Ghost skate
- Conservation status: Least Concern (IUCN 3.1)

Scientific classification
- Kingdom: Animalia
- Phylum: Chordata
- Class: Chondrichthyes
- Subclass: Elasmobranchii
- Order: Rajiformes
- Family: Rajidae
- Genus: Rajella
- Species: R. dissimilis
- Binomial name: Rajella dissimilis (Hulley, 1970)

= Ghost skate =

- Authority: (Hulley, 1970)
- Conservation status: LC

Species of fish

The ghost skate (Rajella dissimilis) is a species of fish in the family Rajidae.

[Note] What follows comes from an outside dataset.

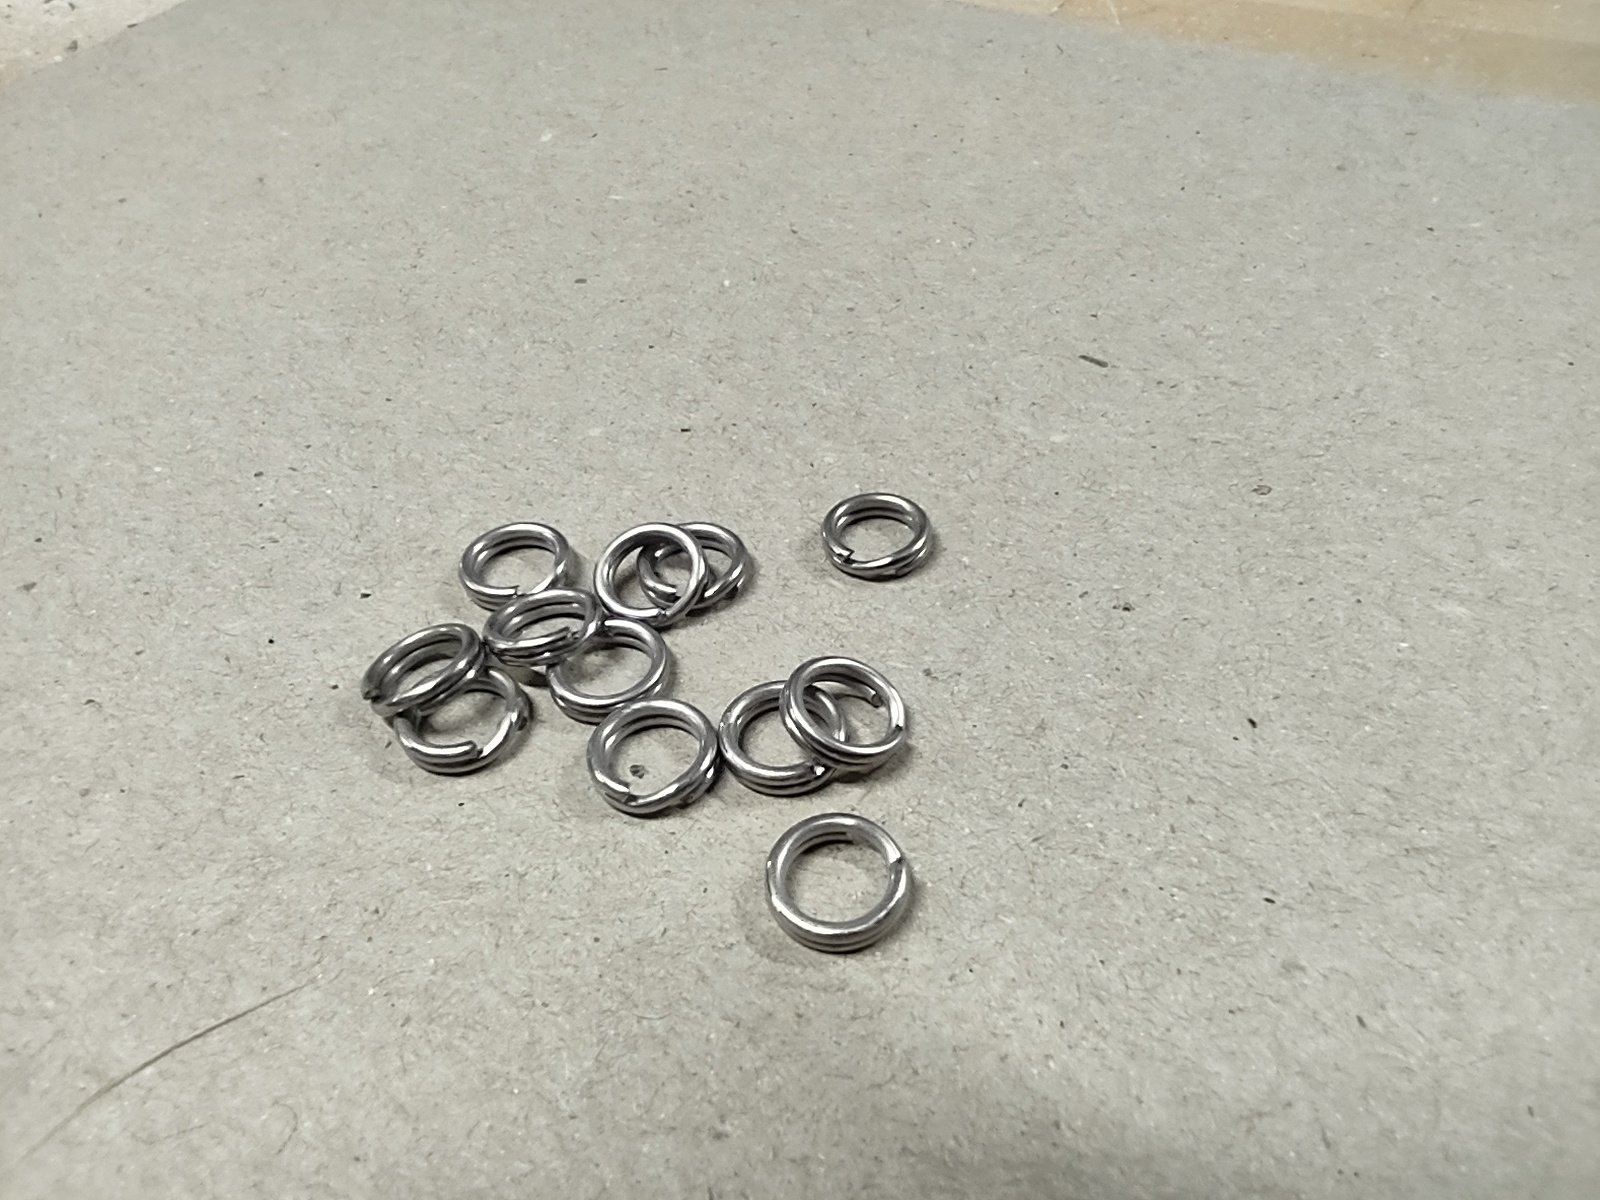 Replacement split rings - not very exciting I grant you, but it's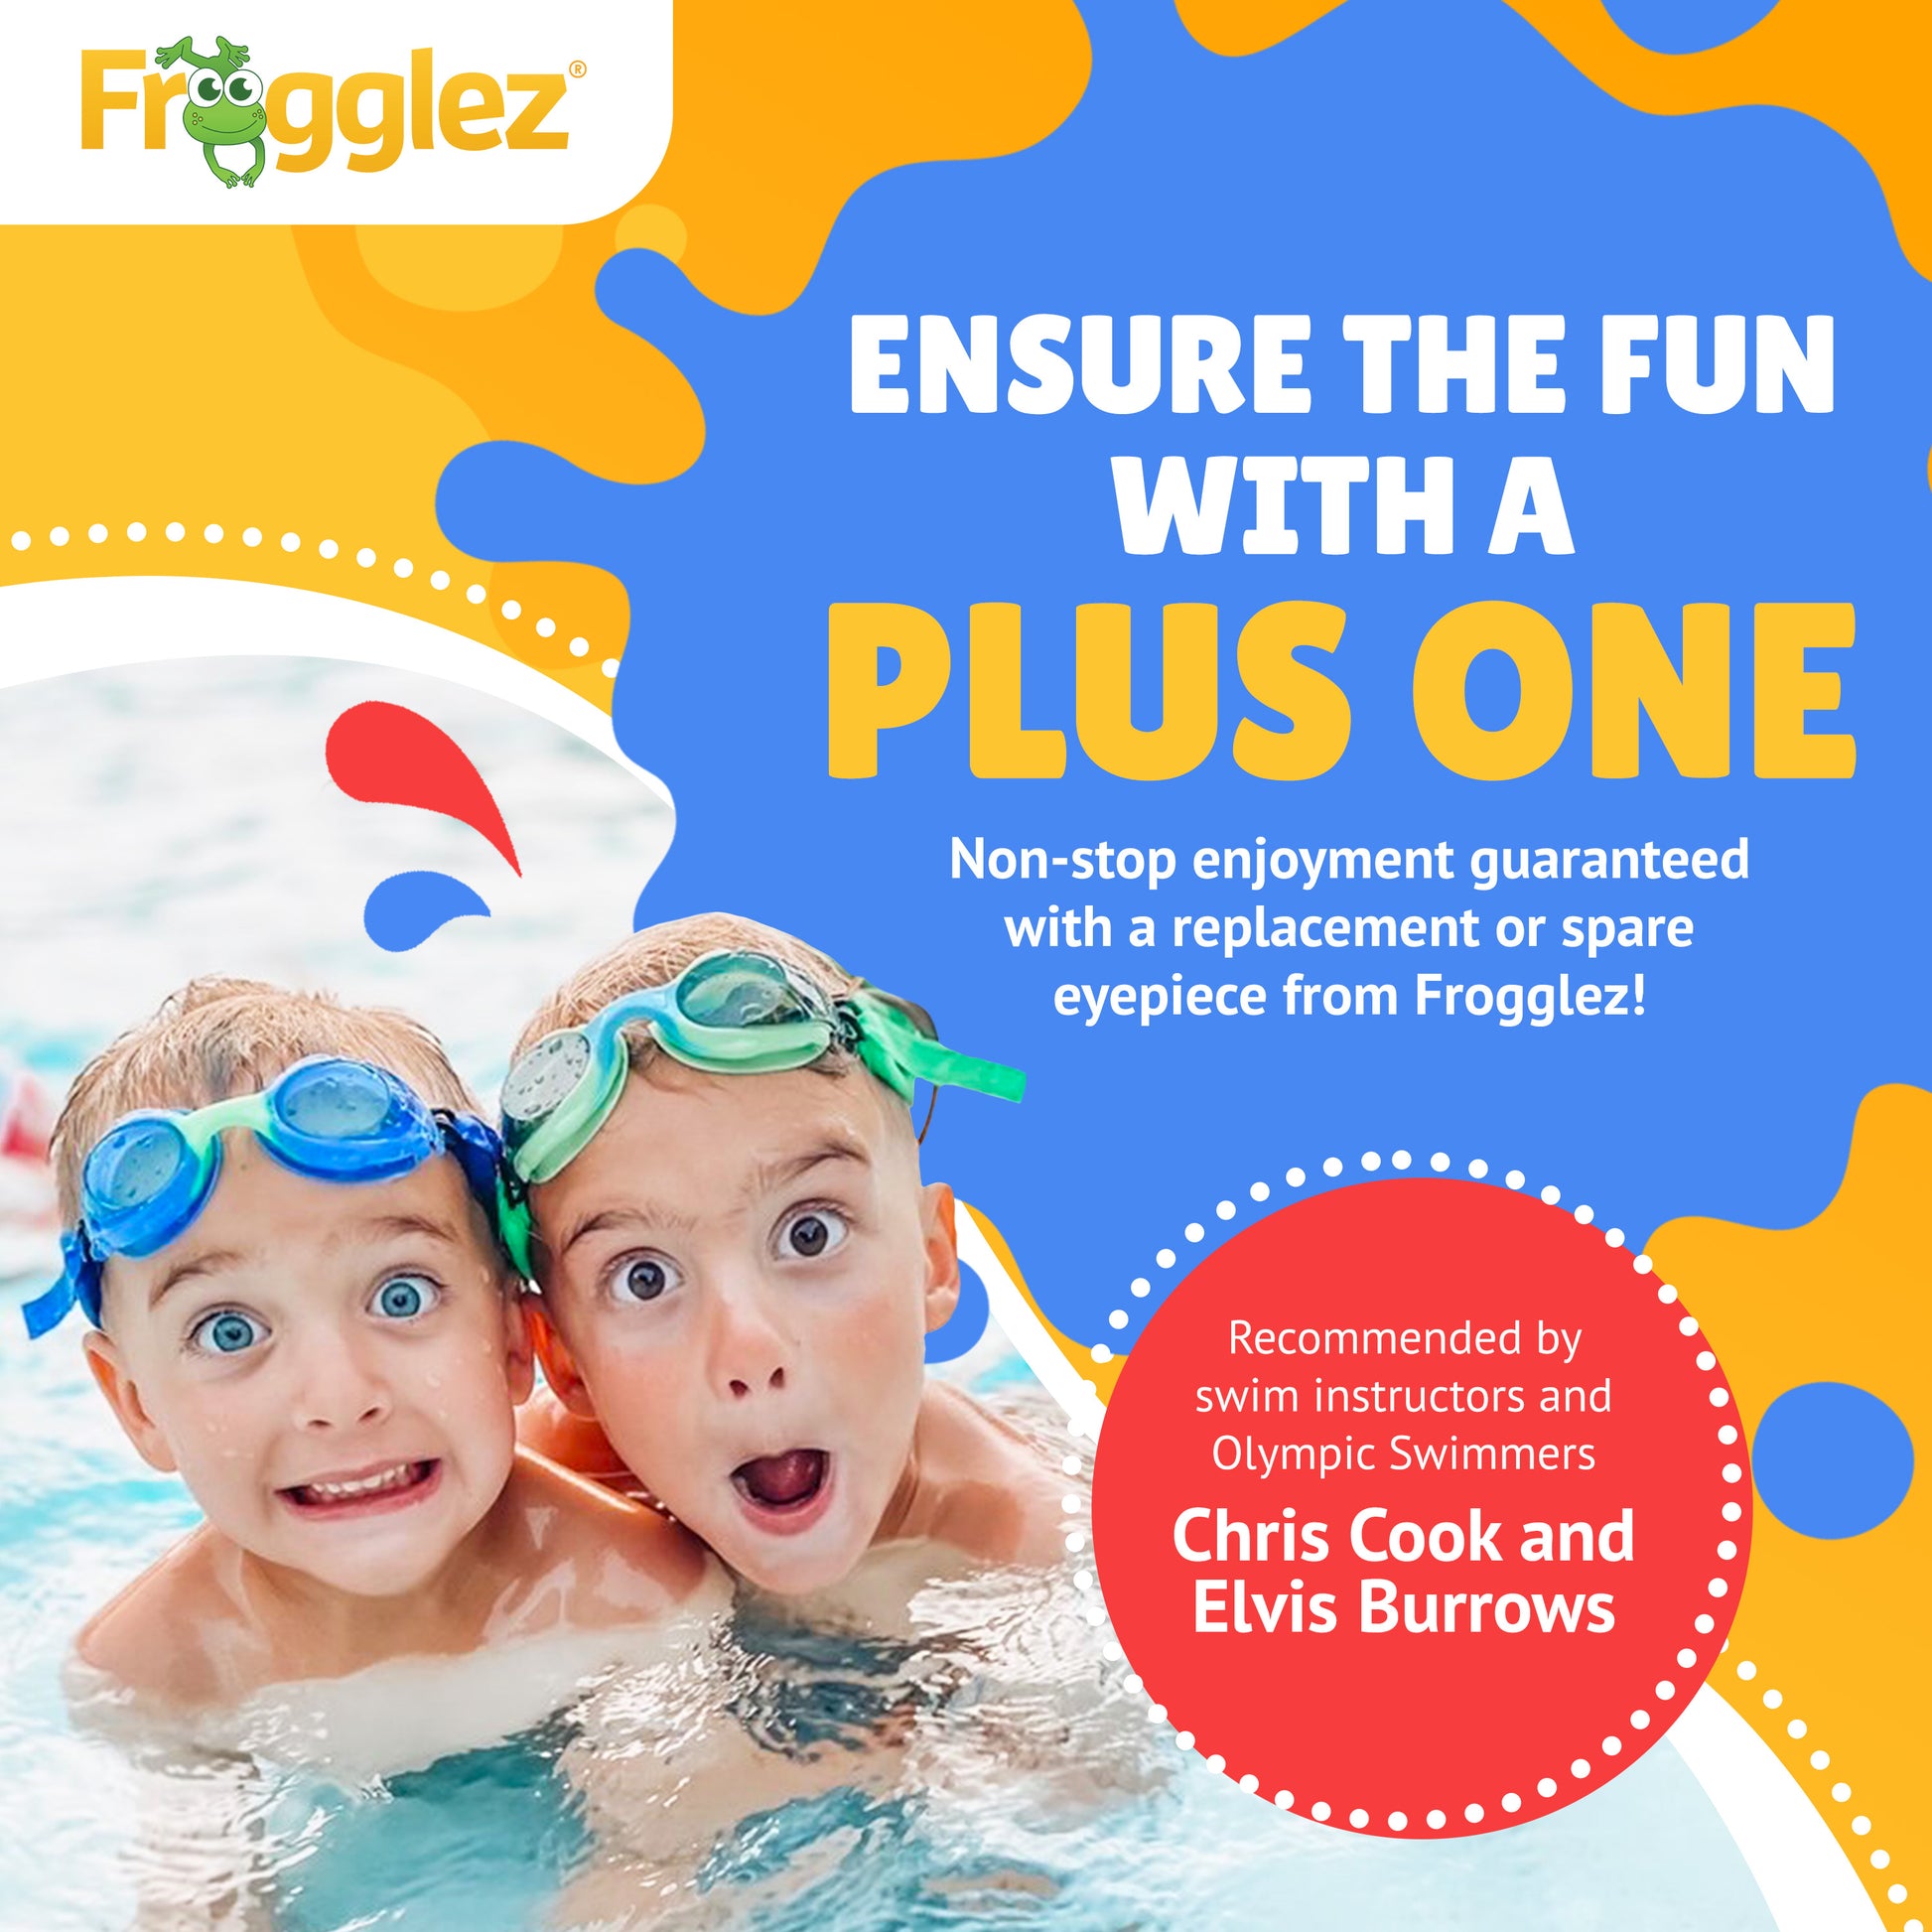 Frogglez. Text reads: Ensure the fun with a plus one. Non-stop enjoyment guaranteed with a replacement or spare eyepiece from Frogglez. Recommended by swim instructors and Olympic swimmer Chris Cook and Elvis Burrows. Pictured two kids in water wearing blue and green Frogglez Swim Goggles.

It is found in Namibia and South Africa. Its natural habitat is open seas.

== Description ==
The ghost skate is a deepsea skate of medium size. The maximum total length of the species is 82 cm for females and 79 cm for males. The snout has a short pronounced tip and is small. It has confluent dorsal fins and no interdorsal thorns. The ventral surface is mostly smooth, while the dorsal surface of the disc is covered in dermal denticles, with males being smoother, and the tail is prickly. There are between 1-8 orbital thorns which occur in a semicircular pattern around the eyes. Adult males have both alar and malar thorns. The dorsal surface is grey to dark greyish-brown in colour, and the ventral surface is white with thick dark margins and a mottled ventral tail surface with a white-coloured tip. The upper and lower jaws have between 33-41 rows.

== Distribution and habitat ==
The species is benthic, and has been found at depths of 400-1640 m.

== Biology ==
Ghost skates are oviparous, with egg cases measuring 8 cm long and 4 cm wide. The total length at birth is around 13 cm Ghost skates eat small bony fishes, crustaceans, and cephalopods.